Nyles (Andy Samberg) and Sarah (Cristin Milioti) find themselves sort of bonding over the fact that they both really don't want to be at the wedding they're at. He's the date of someone who cheats on him and she is the sister of the bride, who clearly has many issues. Stumbling across a strange cave after the wedding, they both find themselves caught in a time loop that has them reliving the same day over and over again. Certain things are revealed about each of these characters that add a lot more depth to the story and I found myself incredibly engaged from beginning to end.
Where this film shines the most is in the fact that it completely commits to the whole time loop concept, even giving a few winks at the audience. It never once makes any huge mistakes logically, which felt refreshing, especially in the ways it would subvert expectations and most importantly in the way that they choose to conclude the story. The way Palm Springs wraps up was a very entertaining and emotionally earned finale. Now, I feel like I say this about a lot of movies that focus so much of their time on very few characters, but I truly mean that if Samberg and Milioti didn't have any fun chemistry together, this film would've been a disaster. This is probably the most laid back and comfortable I've ever seen Andy Samberg be in a film and it made the entire experience that much better.

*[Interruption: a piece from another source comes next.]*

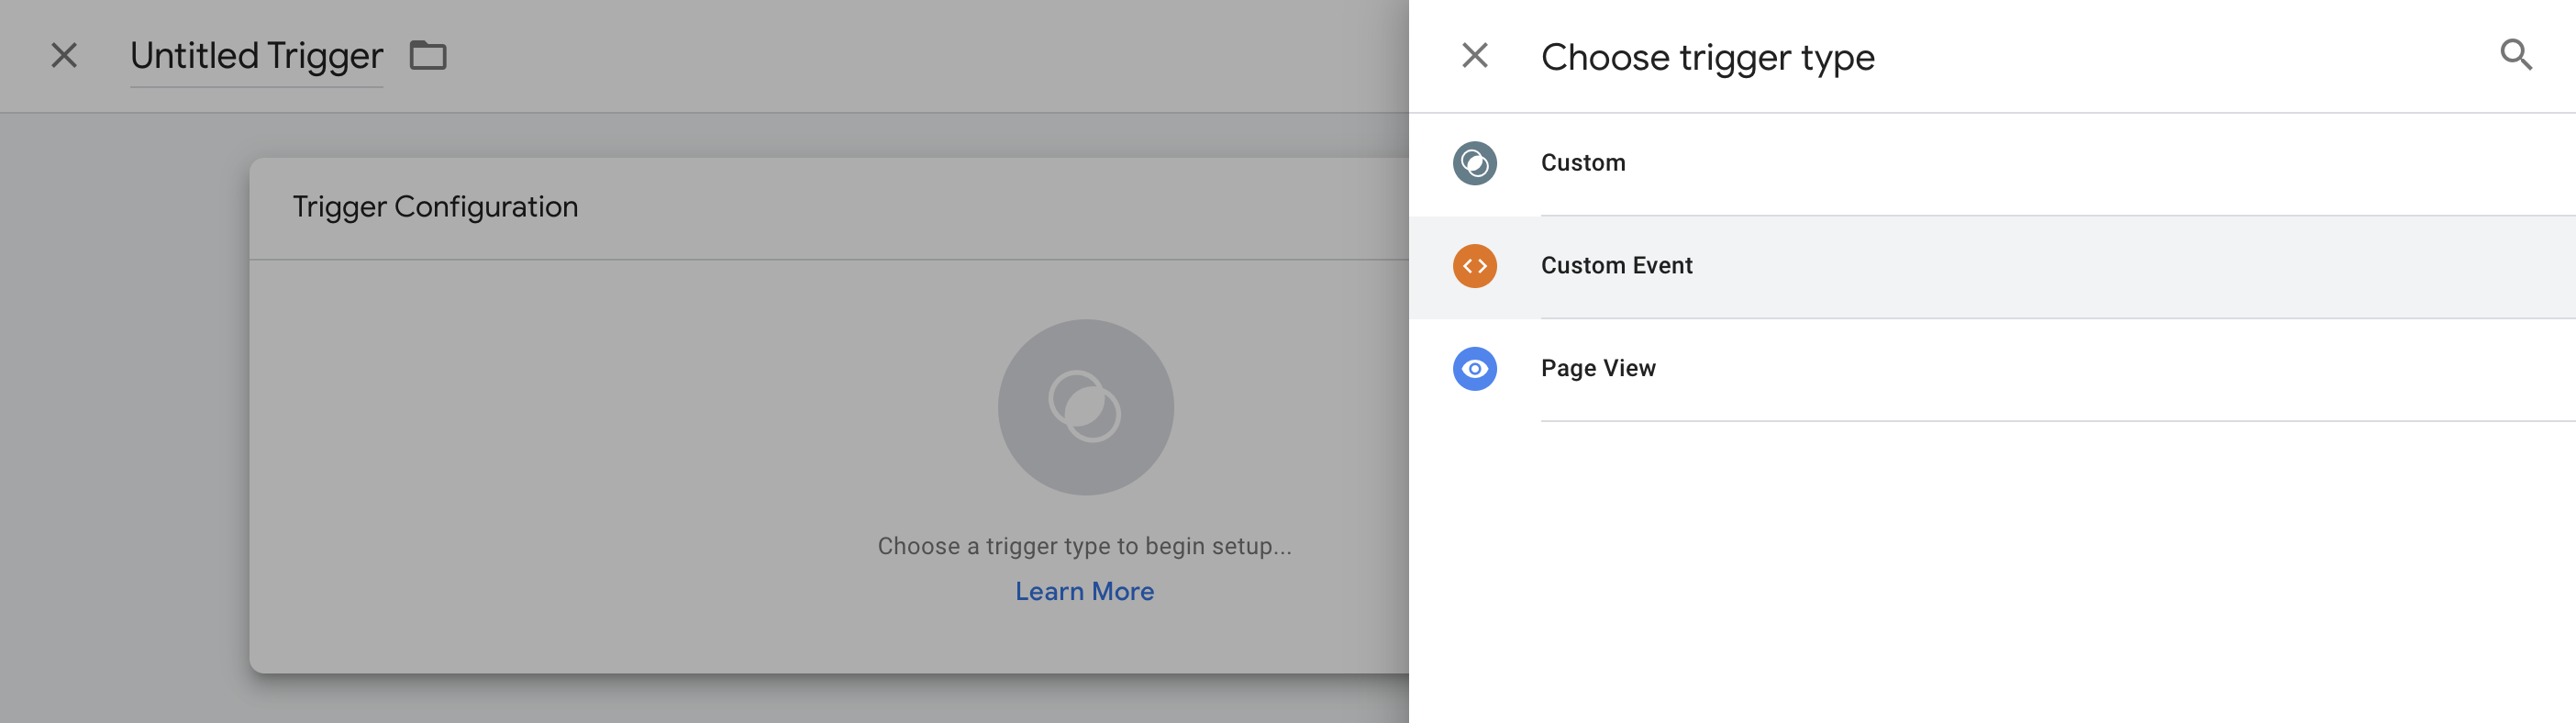 Choose trigger type dialog with Custom Event trigger highlighted

Only having written and directed a few short films and a documentary before tackling Palm Springs, director Max Barbakow has honestly blown me away here. With a small budget, a small number of characters, and a small scope, this film felt much bigger than it was. I can honestly see a big future for him in the coming years. I will gladly seek out his next project. On top of his stellar work on this film, writer Andy Siara (who also doesn't have a huge filmography as of yet) added a very funny and clever tone to the whole concept. It was clear that the performers were very comfortable with the dialogue because their acting lept off the screen and that just seemed to be a nice mixture of everything coming together nicely behind the scenes.

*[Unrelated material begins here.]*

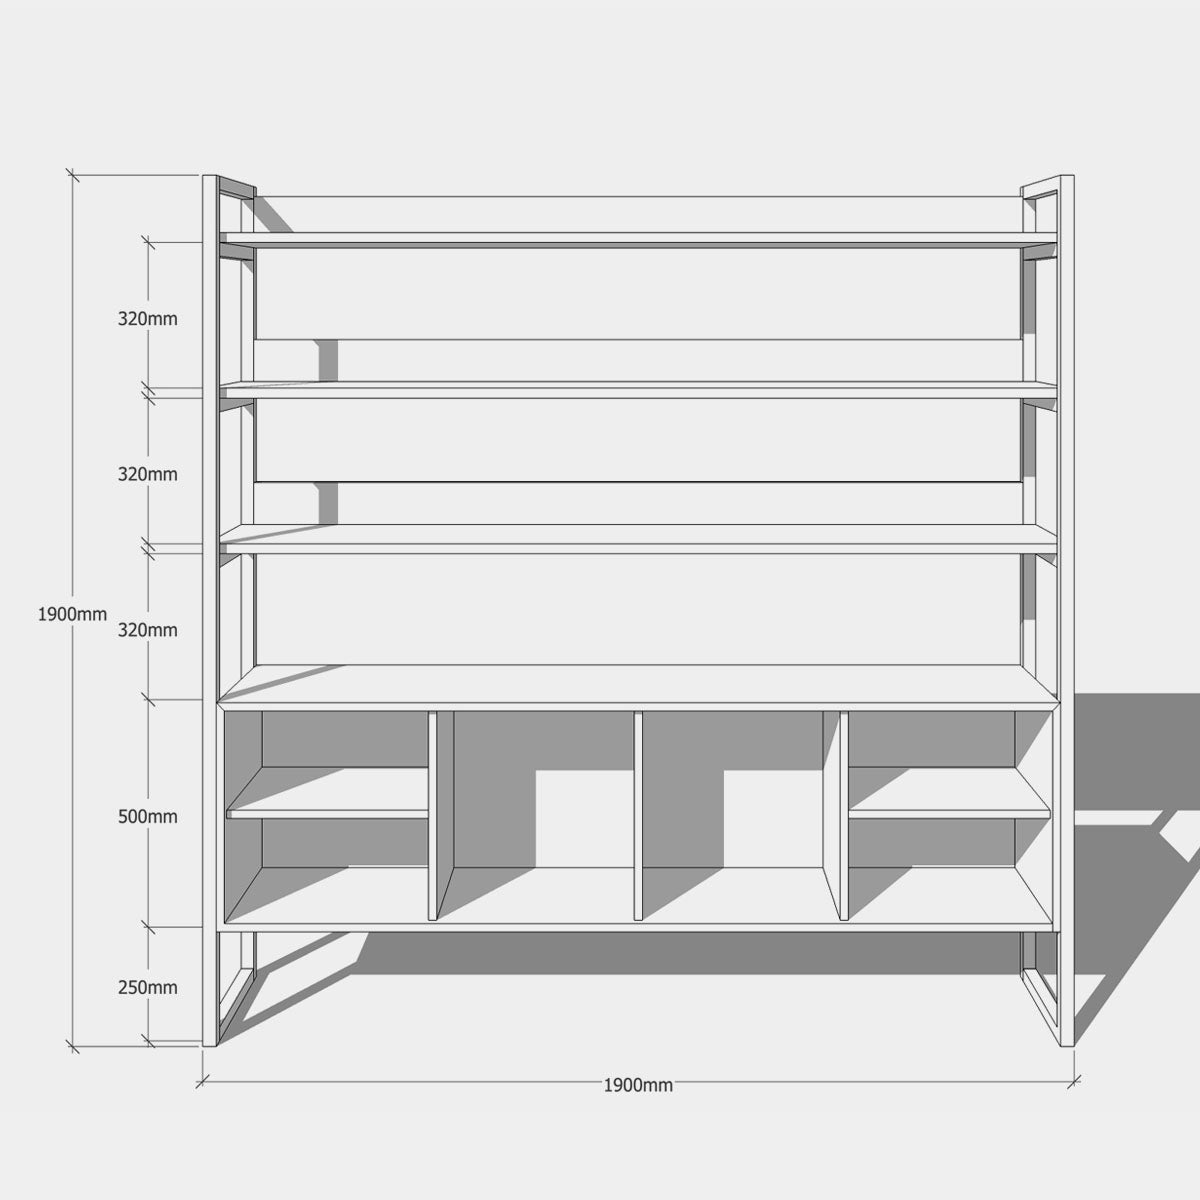 An image of the Walnut Shelving Unit, Ari product available from Koda Studios

In the end, Palm Springs is a film that I was very much looking forward to, but was wary of due to the concept itself. Thankfully, this is one of the best movies that I've seen accomplish this concept in years. I'm not calling it a masterpiece by any means, but for a fun time loop movie, I really couldn't find many issues. At a mere 90 minutes, this movie flies by and has just enough clever surprises for those who may not have been completely engaged. While the idea itself has grown tired for me, this movie is undeniably hard to dislike. Everything about this movie put a huge smile on my face and if that isn't what the world needs right now, I don't know what is.